▸ WHAT YOU ARE ASKED TO DO
Nothing but an exact copy is asked for: the lines in the material below from the one with "Tuesday 21st 16:30" through the one with "File:Battle-sexes-jocular-symbols-.svg - Wikipedia.", pictures excluded.

=== Begin Enclosure ===

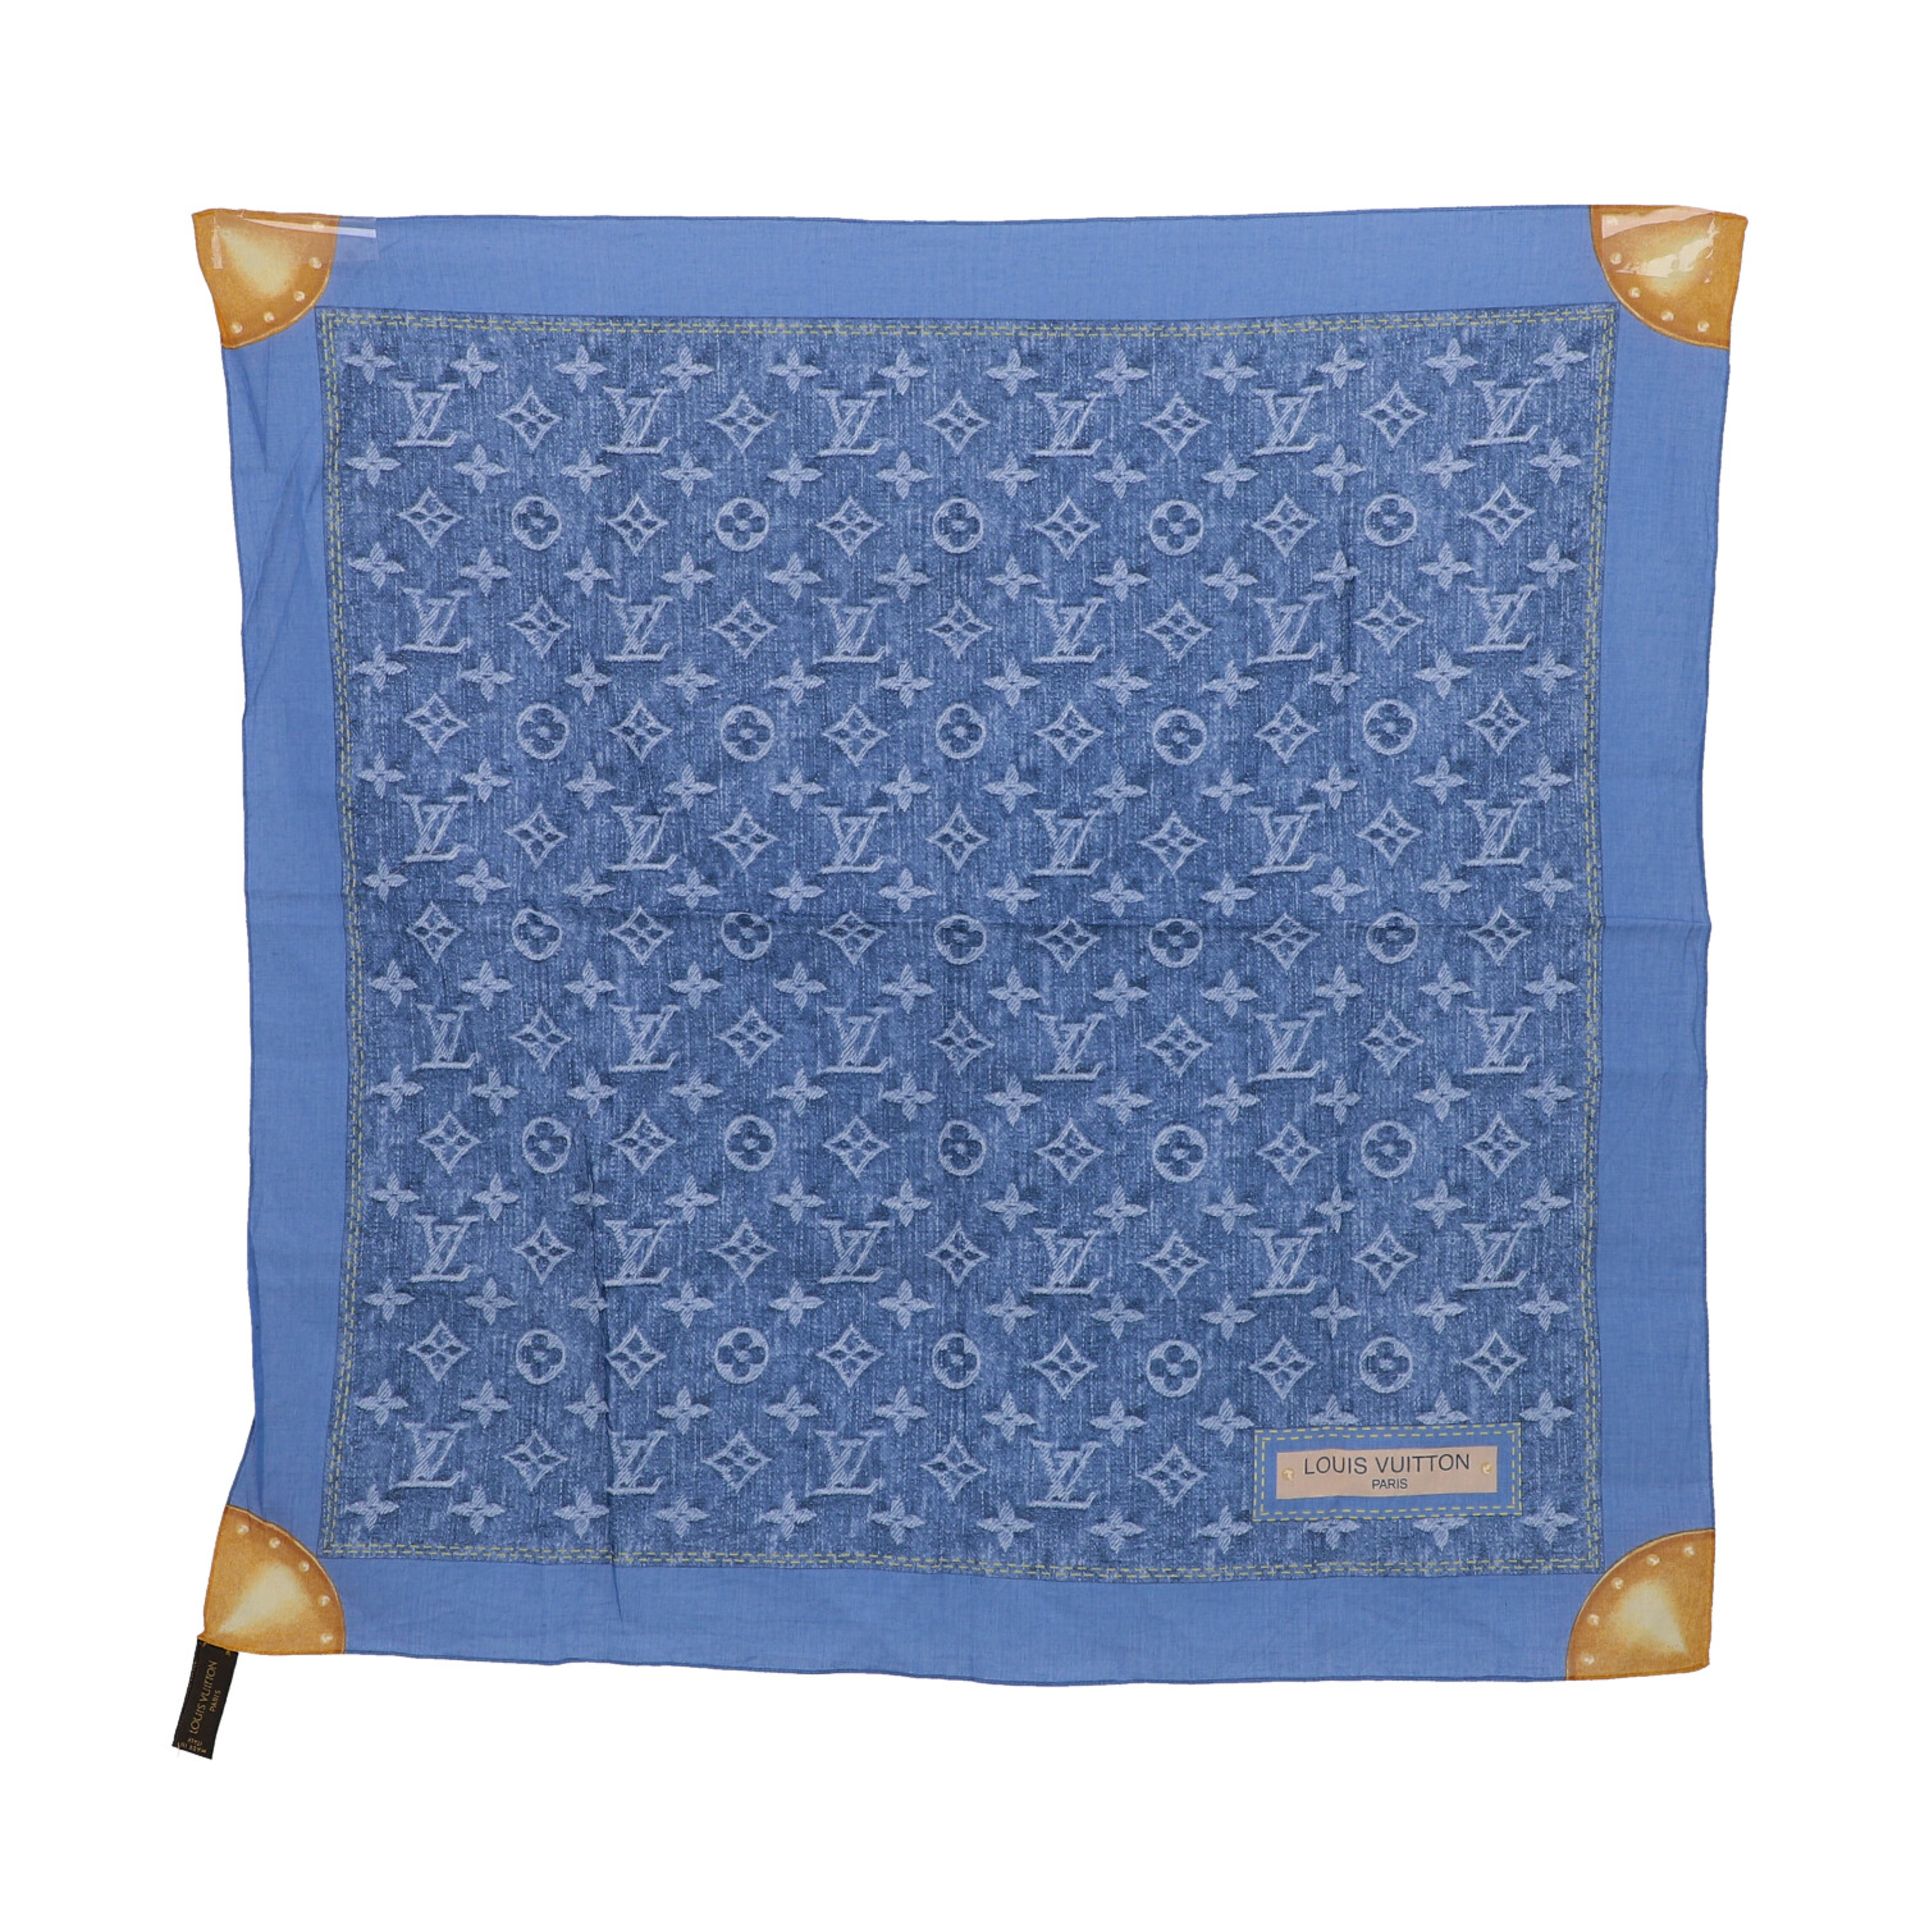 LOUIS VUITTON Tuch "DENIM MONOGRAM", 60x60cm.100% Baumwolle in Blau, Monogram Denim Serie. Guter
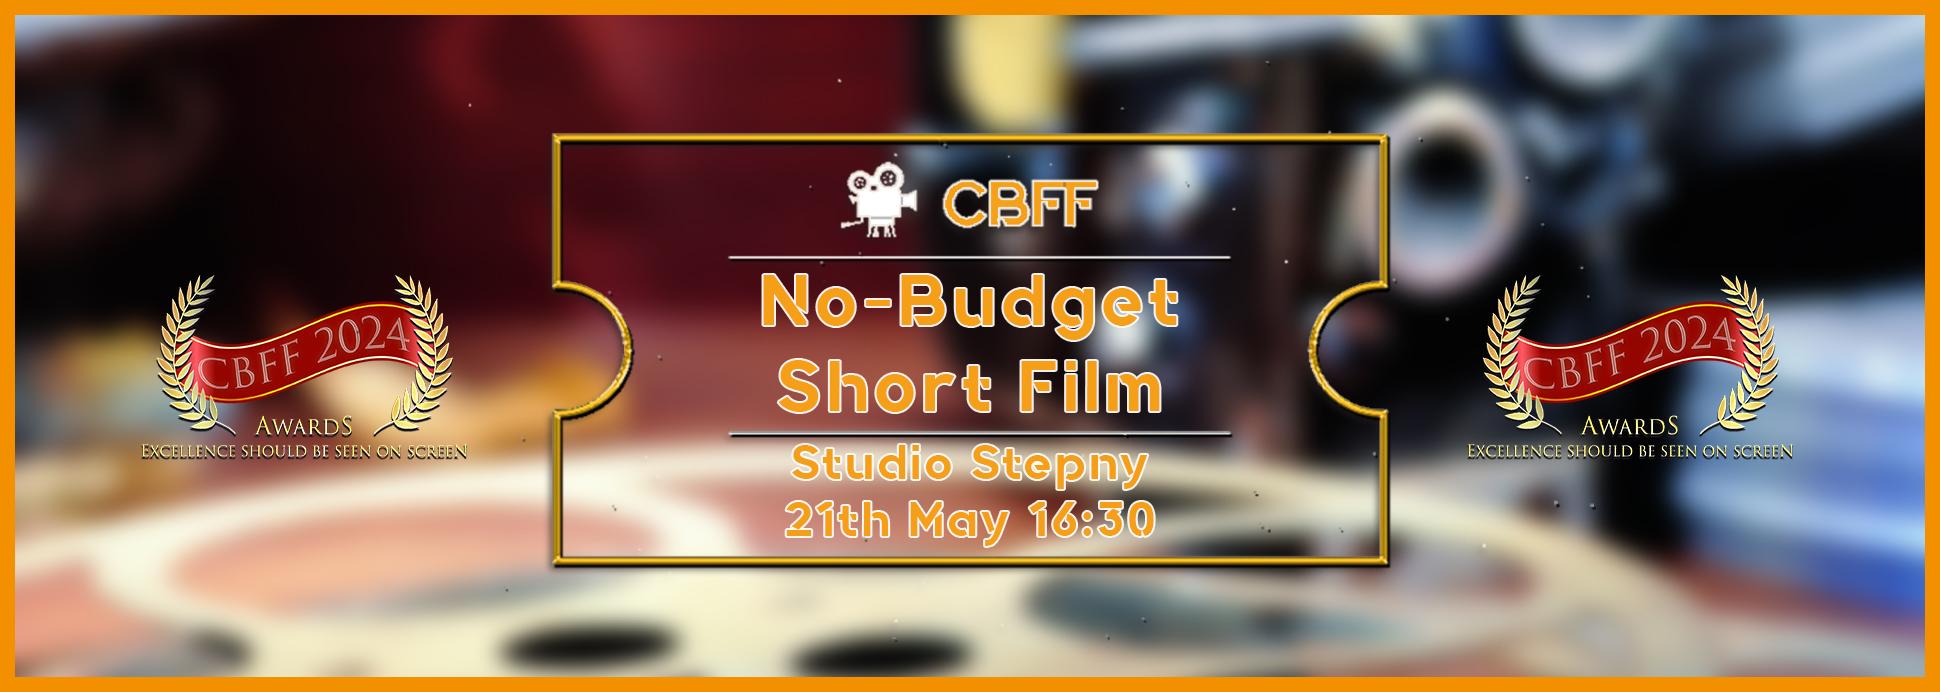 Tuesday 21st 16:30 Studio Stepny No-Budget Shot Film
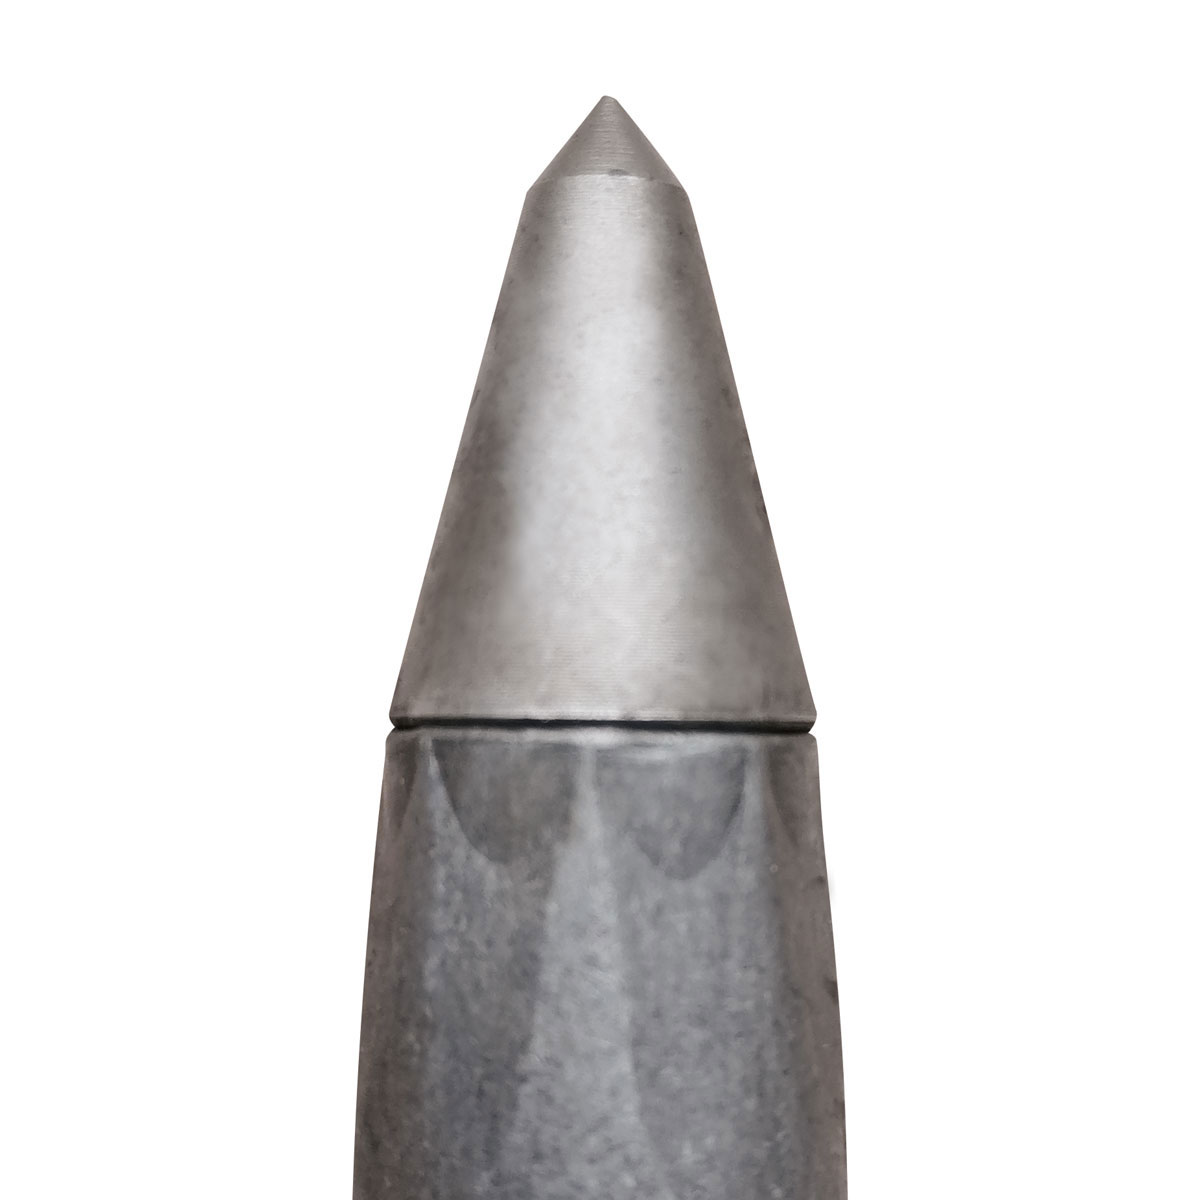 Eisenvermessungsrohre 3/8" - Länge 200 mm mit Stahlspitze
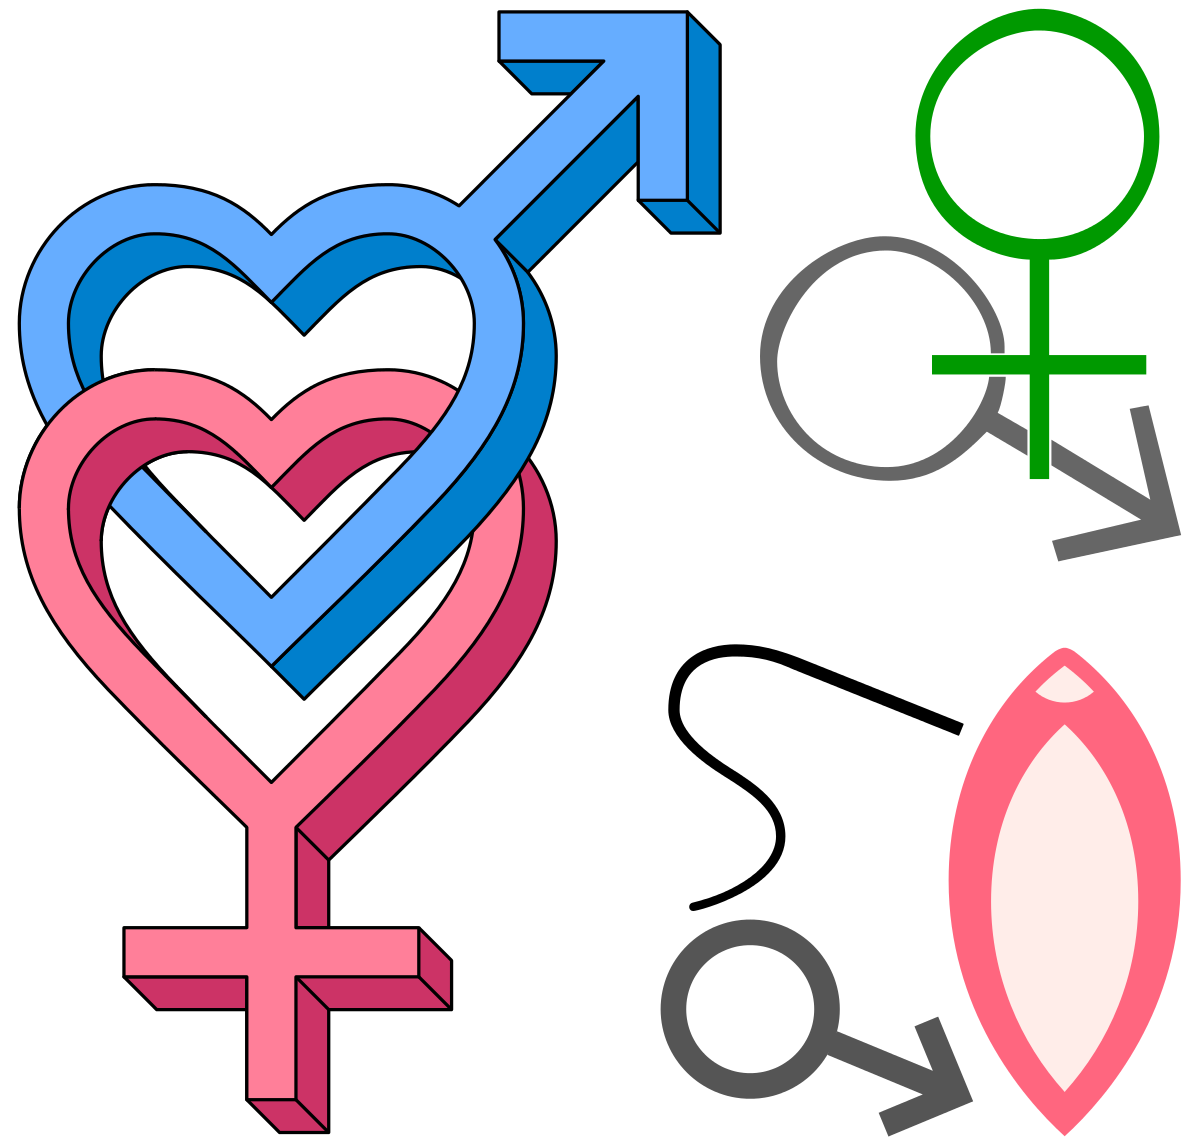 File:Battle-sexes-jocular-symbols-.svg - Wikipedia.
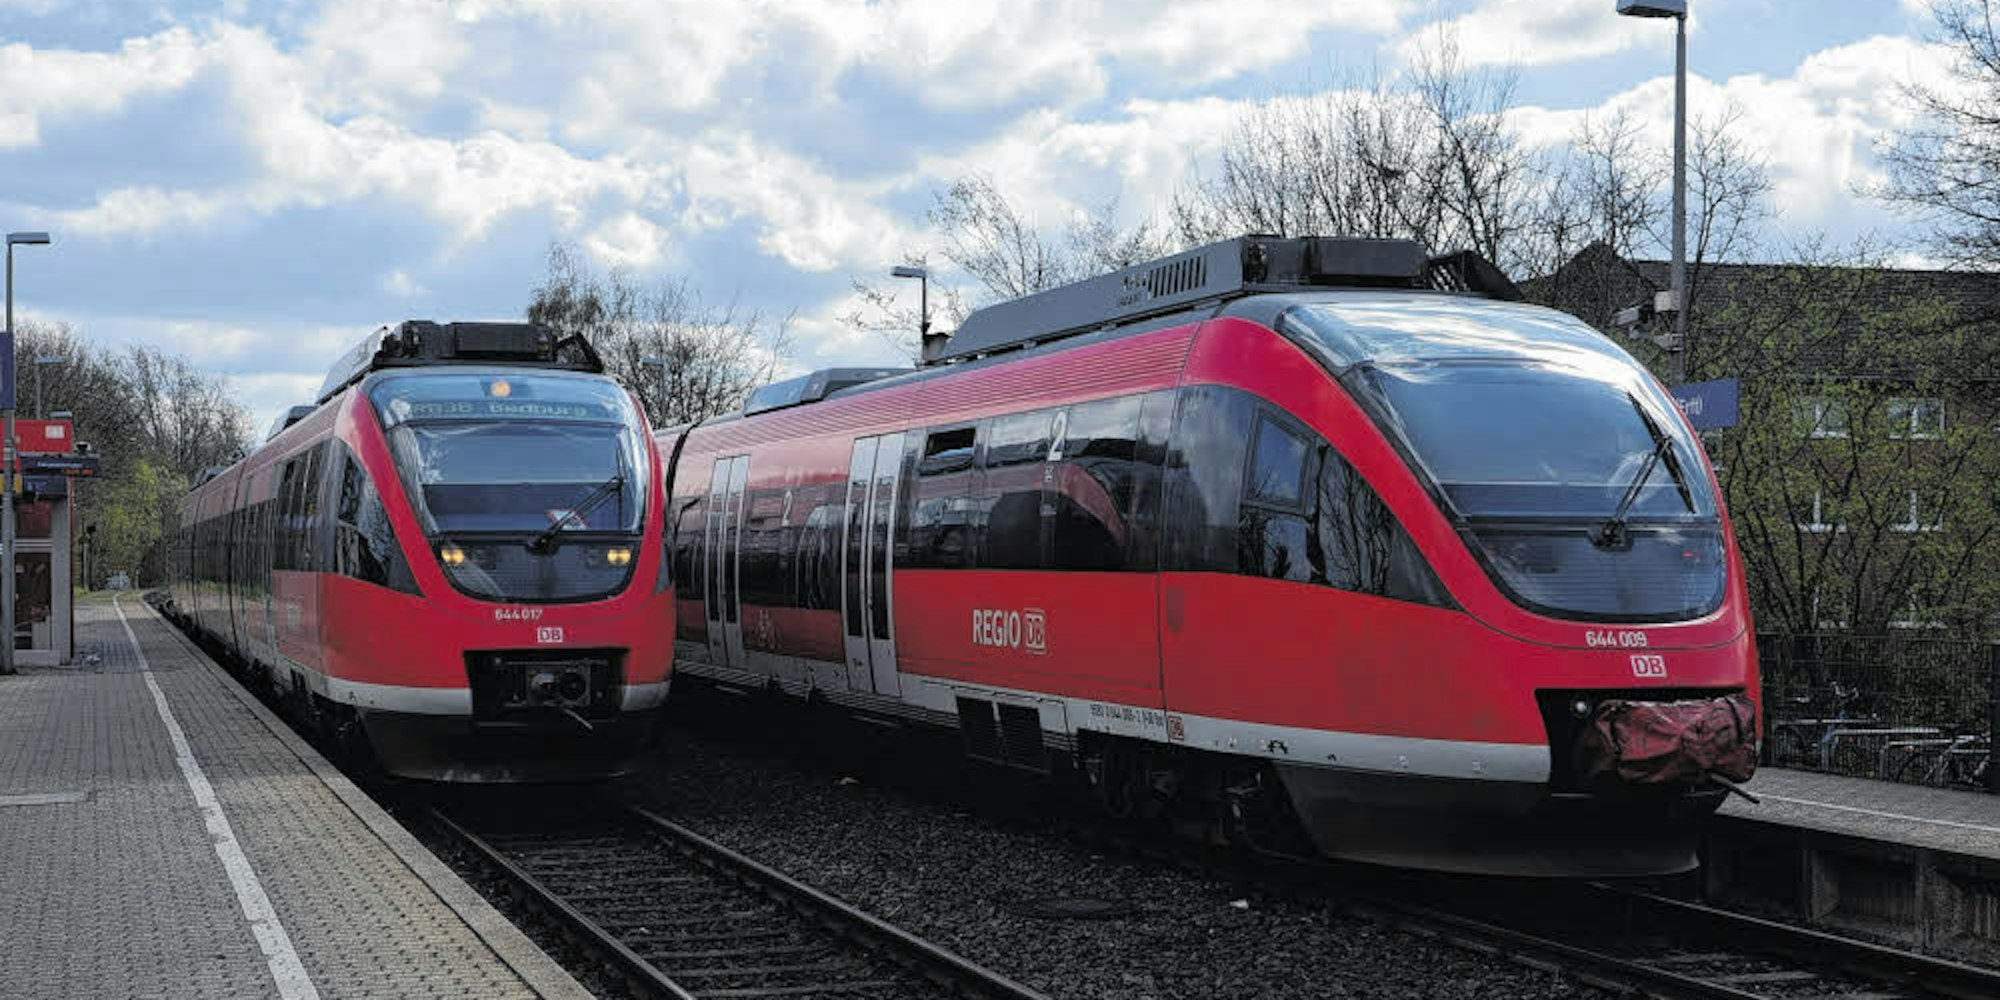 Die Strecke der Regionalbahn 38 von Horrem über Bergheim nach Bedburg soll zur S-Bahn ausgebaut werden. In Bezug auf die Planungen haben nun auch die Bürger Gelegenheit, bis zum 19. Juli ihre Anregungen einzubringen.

=== End Enclosure ===

▸ SOLUTION TO THE PROBLEM
 Tuesday 21st 16:30 Studio Stepny No-Budget Shot Film
 Eisenvermessungsrohre 3/8" - Länge 200 mm mit Stahlspitze
 File:Battle-sexes-jocular-symbols-.svg - Wikipedia.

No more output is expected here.